ALBUQUERQUE — You can put pen to paper and try to diagram the secret to Santa Fe High’s success on the volleyball court this season.

But don’t bother.

Demons coach Josie Adams figured it out four years ago.

Most of the players, they had the answer even before that.

As the top overall seed in the Class 5A State Volleyball Tournament, Santa Fe High’s remarkable season in a time of COVID-19 will reach the end Saturday night in The Pit. The Demons (10-1) face perennial big-school powerhouse Centennial (13-0) for the state title.

Moments after Santa Fe eliminated district rival Cleveland in Thursday’s semifinals, Adams said getting to the brink of the program’s first state title since 1996 comes as no surprise.

“I knew this team was special four years ago,” she said. “The first time I got to know these girls, I understood the power they had. So am I surprised? No way. If you go back four years and see what I saw, everyone would say the same thing.”

Some of the players admit that while last season’s roster arguably had more raw talent, the 2021 version of Demons volleyball has something no amount of talent can bring to the court.

“We’re passionate and we play together,” said senior Jorja Chambers, one of the team’s powerful hitters who have dominated the front lines all season. “Most of us have been playing together since we were in fourth grade. It’s more than just a team thing, you know? We know each other and, yeah, we all get along. That’s the strongest thing about us.”

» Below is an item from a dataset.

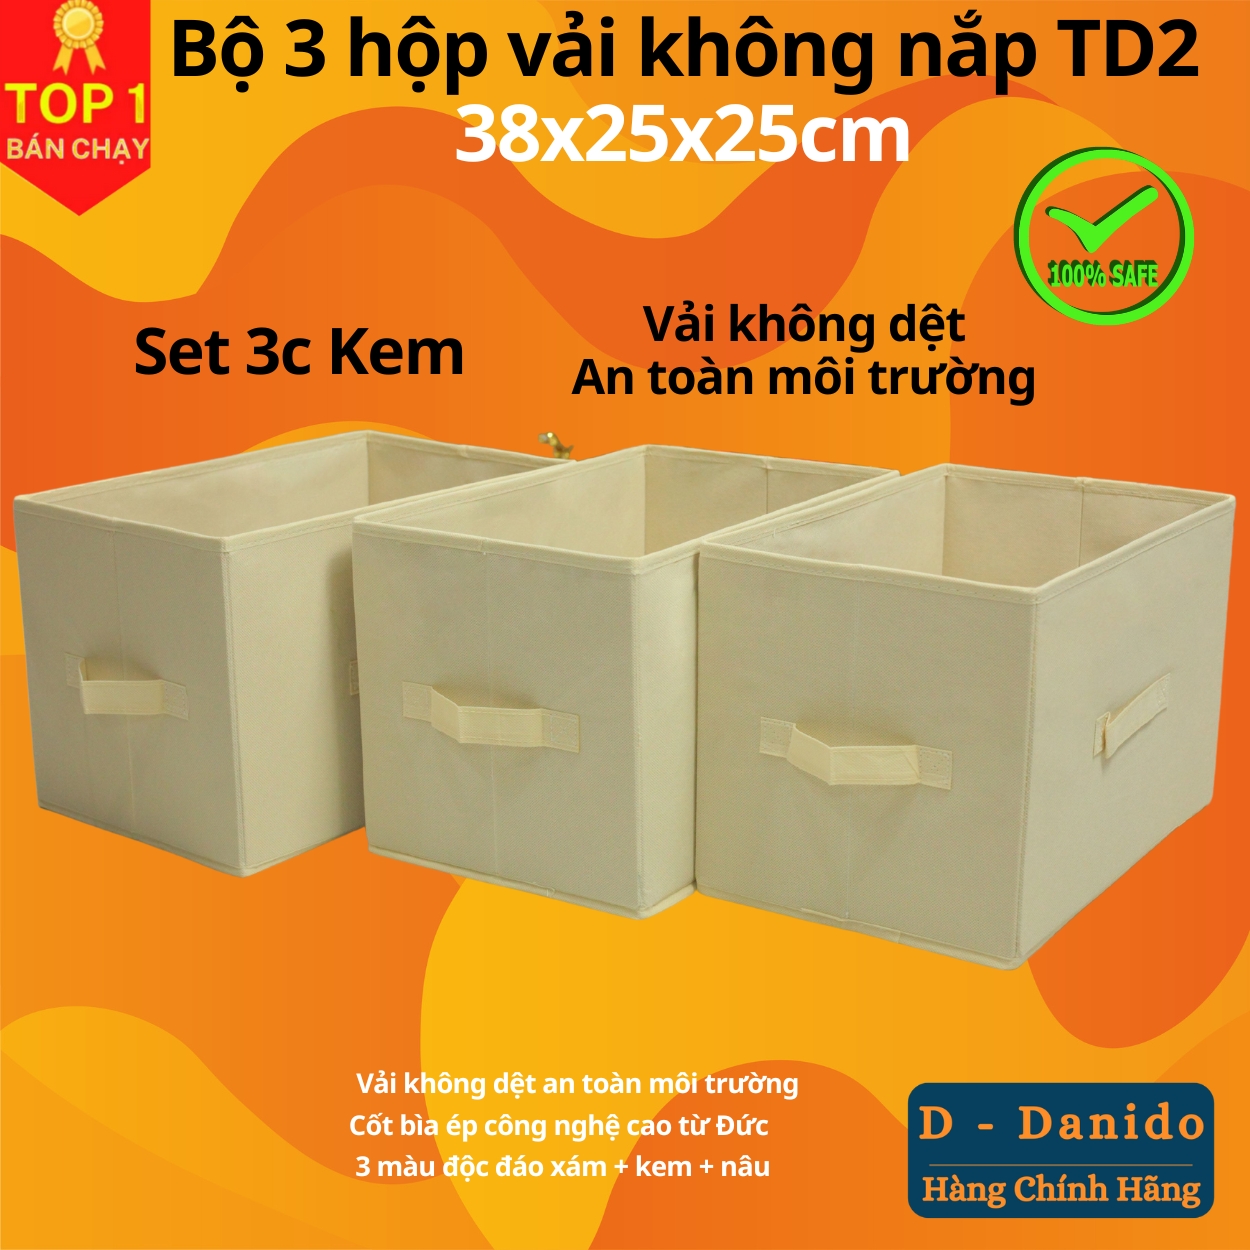 Combo 3 hộp vải đựng đồ đa năng TD2 – Bộ 3 túi vải Thụy Điển không nắp tiết kiệm sang trọng dung tích 24L mỗi hộp - chính hãng

Team co-captain Laila Bernardino agrees. One of the top outside hitters in New Mexico, she said there is no one player who rises above the others. When the Demons beat Cleveland for the first time during the regular season, she said the chemistry the team shares behind closed doors is evident once the team takes the court.

“It’s a belief we have in each other. We just know we’re going to accomplish our goals if we all work together,” Bernardino said. “I mean, yeah, we might have times when it’s tough. Maybe we’ll lose or something, but the one thing we always do is stick together.”

How strong is that bond? This week, multiple players were asked who among them has the most hops, the best serve, who’s quickest on their feet and who hits the hardest.

“I would say all of us are,” said senior Sydney Pino-Pacheco, one of six seniors on a roster as deep as it is humble. “Everyone on the team does something to add to it. There’s a couple who jump high and hit hard, but everyone does.”

Same goes for senior Isabella Melton, a standout hitter who spent plenty of time lauding her teammates in the back row. Often the unsung heroes of any volleyball team, it’s the setters and libero who do the majority of the heavy lifting — all without much fanfare.

“You hear it a lot, but we are a family,” Melton said. “I would say no one stands out, but all of us kind of do.”

Notes

From a distance: Saturday’s match in The Pit is off-limits to fans thanks to Bernalillo County’s status in the state’s framework for dealing with the coronavirus pandemic. The only people allowed into the arena will the players, coaches, game personnel and media.

It will be streamed online for a fee.

“Of course we want our fans there, but we’re a team that can go in there and play the game without them,” Melton said.

“Like I’ve said, we bring our own energy,” Chambers added. “If there’s no one there or a bunch of people, it doesn’t matter. Once we start playing, I don’t think we’ll even notice.”

Adams concurred. She said any time spent worrying about parents and fans not getting in is simply wasted energy. She has encouraged the team to maintain a level of tunnel vision throughout the season and said Saturday’s match is the culmination of everything they’ve been working toward for years.

“This is a season that looked like it might never happen because of COVID, and after all the doubts, all the talk, all the worrying, we’re still here,” Adams said. “These girls, they deserve all the credit. They’ve believed in themselves this whole time, and now that they’ve gotten the chance to play, they want to prove it.”

Long time coming: Santa Fe High hasn’t won a team state title since 2014, when the girls basketball team won the Class 4A championship under coach Elmer Chavez.

All but two volleyball state championship matches since 1998 has had at least one team from either Albuquerque or Rio Rancho; the other coming five years ago when Centennial beat crosstown rival Las Cruces in what was then the Class 6A tournament.

Click your heels: Dorothy wore red shoes in The Wizard of Oz.

So does Chambers every time she takes the court.

Wearing the red shoes, she said they became her favorite pair of footwear during offseason club ball. No matter how far away she is from any fan in the building, she’s always easily visible because of her shoes.

“I have another pair that would probably match the uniform a little better, but these always sort of felt right,” Chambers said, looking down at her feet after Thursday’s semifinal win against Cleveland.

Familiar face: The last time Santa Fe High won a volleyball state title (1996) was the same year Bill Clinton was reelected as president, Kobe Bryant made his NBA debut and Major League Soccer came into existence.

The team’s coach then was Mike Thompson, who led the program to the 1994 title and took it back to the finals in ’95 before capping an undefeated season in ’96 with a win over Farmington in the finals.

Thompson is now a volunteer assistant with the Demons, coaching the program’s freshman team and spending most nights as an assistant to Adams with the varsity.